Labour checking legality of raid on pension reserve fund
Labour Finance spokeswoman Joan Burton said that her party’s legal advisers were checking the legalisation surrounding the NPRF to ensure that Fianna Fáil claims that a “government directive” was enough to divert the fund from its established use were actually true.
“Proportions of the fund have already been used to invest in preference shares in the banks, but whether the liquidation of the fund to be used to further shore up the banks is legal is highly questionable.
“The Labour party proposed introducing legalisation to allow €2 billion of the fund to be utilised by a strategic investment bank. We were quite clear that new legalisation would be needed to do this and to now hear that the fund can be liquidated by mere ministerial order is suspect.”
The NPRF is invested in share portfolios and property from Hong Kong to the US. When it was established by then Minister for Finance Charlie McCreevy in April 2001 strict rules were put in place to prevent its use by future governments for purposes other than public sector pension payments.
According to these the funds aim was to “meet as much as possible of the costs of Ireland’s social welfare and public service pensions from 2025 onwards” and no monies could be drawn down before 2025.
In February 2009 Brian Lenihan announced that the fund would finance a €7 billion bank recapitalisation programme.
According to the NPRF website: “Investments made in financial institutions by the fund under the programme are made under ministerial direction and the fund’s statutory investment policy is not applied to these investments.” However, this would seem to only be the case for non-nationalised institutions.

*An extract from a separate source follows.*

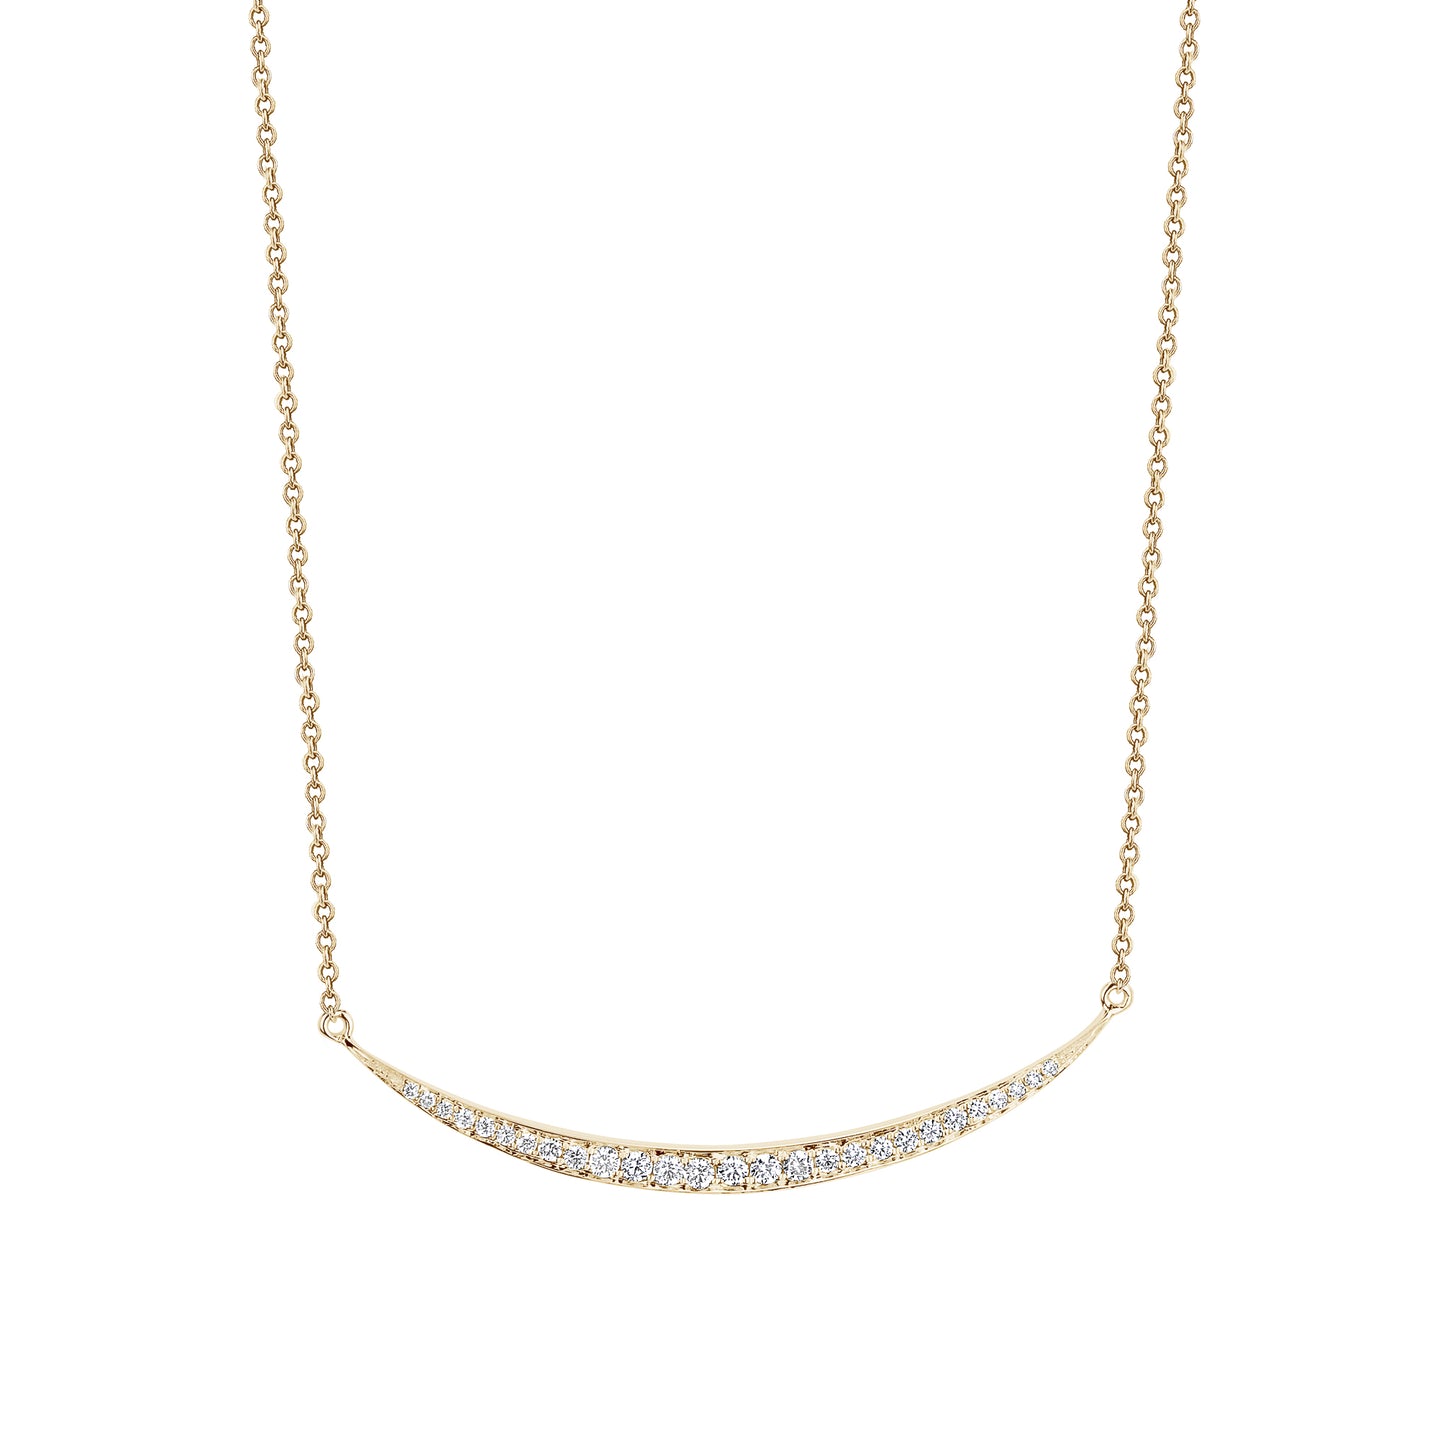 Curved Diamond Bar on Chain Necklace

A Department of Finance spokesman said that new legalisation would be necessary if NPRF monies were to be invested in institutions not listed on the stock market, this would include the fully nationalised Anglo Irish Bank, but not for investment in a listed institution.
He added that legalisation would also be needed to allow the government to end the annual investment of 1% of GNP into the fund.
A spokeswoman for a PR agency retained by the National Treasury Management Agency to deal with issues relating to the NPRF said that it was her understanding that the fund could be utilised to shore up the banks by “government directive”.